For phantom study group III, the average SNR by the FLASH-MOLLI pulse sequence was significantly higher than observed for the “ShMOLLI+IE” sequence (59.3±12.2, range [43 77] vs. 34.3±5.0, range [27 42], p<0.001). The coefficient of variation (CV) of T1 estimation for each phantom by FLASH-MOLLI with BLESSPC fitting was significantly lower than that by the “ShMOLLI+IE” sequence (1.4%±0.05% vs. 5.3%±0.13%, p<0.001). Fig. 4 summarizes SD of T1 estimation by the two sequences in phantom studies and corresponding simulation results. The simulated T1 SD matched well with measured T1 SD for both FLASH-MOLLI with BLESSPC fitting and “ShMOLLI+IE”. The SD of T1 measurement was much smaller for proposed FLASH-MOLLI with BLESSPC, indicating improved T1 estimation precision.

Standard deviation (SD) of T1 measurements using the FLASH-MOLLI with BLESSPC fitting vs. “ShMOLLI+IE” in phantom experiments and Monte-Carlo simulations. Phantom results matched well with the Monte-Carlo simulations. The FLASH-MOLLI with BLESSPC fitting improved T1 estimation precision compared to the “ShMOLLI+IE” sequence.

In Vivo Study

The average inversion factor of native myocardial tissues for the inversion pulse used in the in vivo study was 0.89±0.007 in the preliminary group of five subjects with differences less than 0.005 between Trio and Prisma scanners. Subsequently, 0.89 was used as the inversion factor δ in FLASH-MOLLI and bSSFP-MOLLI for in vivo myocardial T1 mapping in 10 healthy subjects (average HR = 62.5±9.9 bpm) scanned using the Trio scanner, as well as 6 healthy subjects (average HR = 64.0±9.4 bpm) and 3 patients (average HR = 61.3±10.4 bpm) scanned using the Prisma scanner. In vivo results confirmed that the 100 sub-slices simulation did not improve the T1 estimation results compared to 5 sub-slices simulation in BLESSPC fitting (T1 absolute difference < 0.1 ms for each pixel in the entire myocardial region). The offline processing time for calculation of a T1 map (matrix = 192 × 154) on a typical desktop computer by BLESSPC (Ns=5) was less than 6 sec. The native myocardial T1 values by FLASH-MOLLI with BLESSPC fitting were significantly higher than that by the standard bSSFP-MOLLI (with inversion factor correction) by 99.0±31.7ms (1454.9±23.6 ms vs. 1355.8±23.9ms, relative 7.3%±2.4%, p<0.001). When the inversion factor used in BLESSPC fitting was increased or decreased by 0.01, the estimated T1 values decreased or increased by 19 ms (1.3%), respectively.
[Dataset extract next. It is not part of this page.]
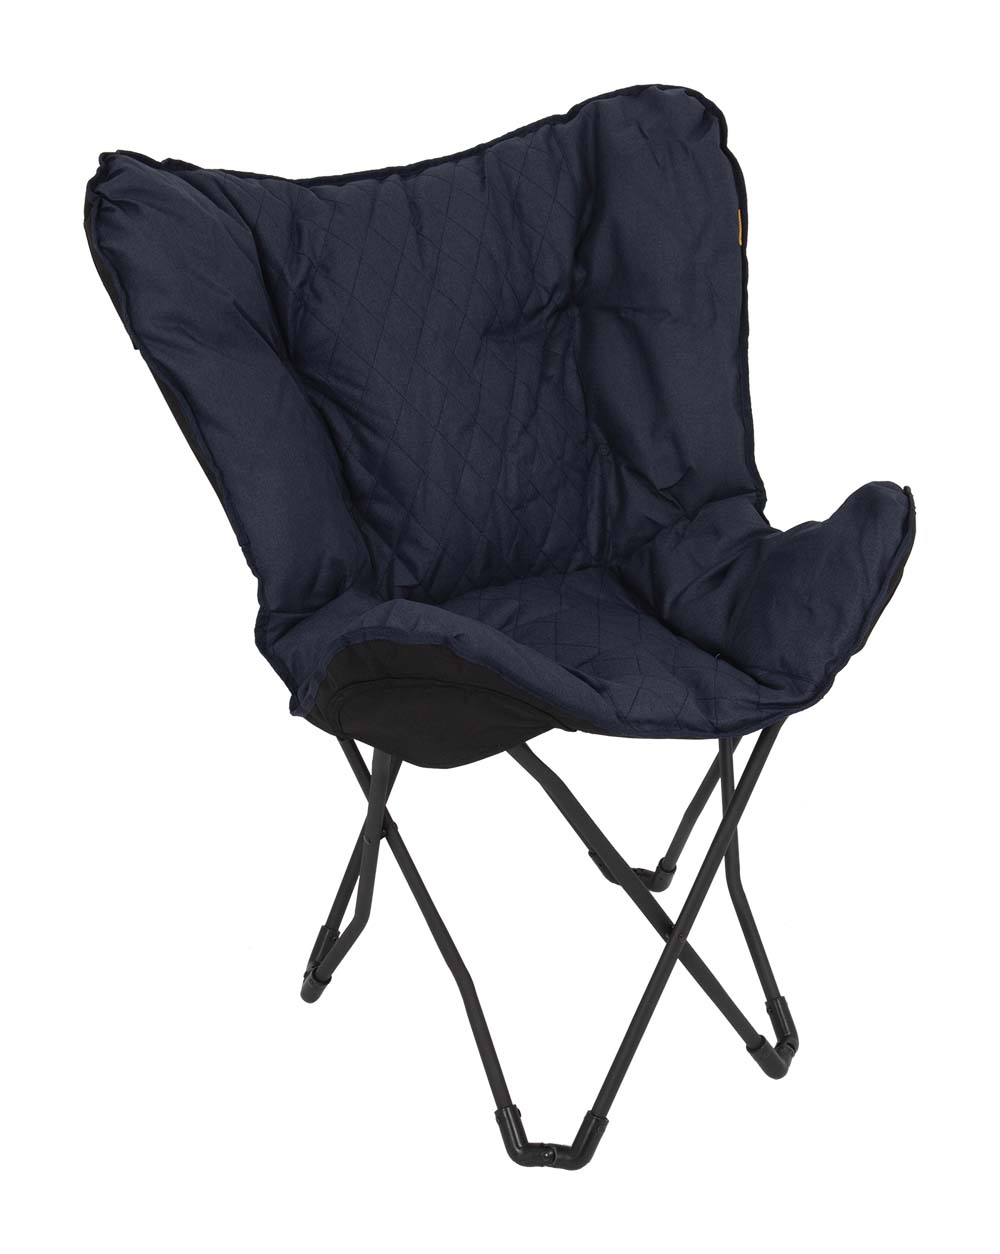 1200330 "A 'must-have' butterfly chair. This luxurious chair has a stitched pattern. Very comfortable because of the padded Cationic fabric and the wide and deep seat. The steel frame is easy to fold, making the chair easy to carry, including carrying bag. An ideal chair for the garden or camping, but also on the balcony and in the living room."

For the 6 healthy subjects (average HR = 64.0±9.5 bpm) rescanned on the Prisma scanner, there was no significant difference between the myocardial T1 values by FLASH-MOLLI and that by “ShMOLLI+IE” (1458.9±20.9 ms vs. 1464.1±6.8 ms, p = 0.50); however, the average CVs by FLASH-MOLLI were significantly lower than “ShMOLLI+IE” (1.84%±0.36% vs. 3.57%±0.94%, p < 0.001). Fig. 5 provides an example of an in vivo T1 map using FLASH-MOLLI with BLESSPC fitting (left) and a T1 map using “ShMOLLI+IE” (right) acquired from the same volunteer. The reproducibility error was 16.9 ms (1.16% of mean) for FLASH-MOLLI.

Example *in vivo* T1 map (left) using the FLASH-MOLLI with BLESSPC fitting and (right) using “ShMOLLI+IE”. Both images were acquired from the same volunteer.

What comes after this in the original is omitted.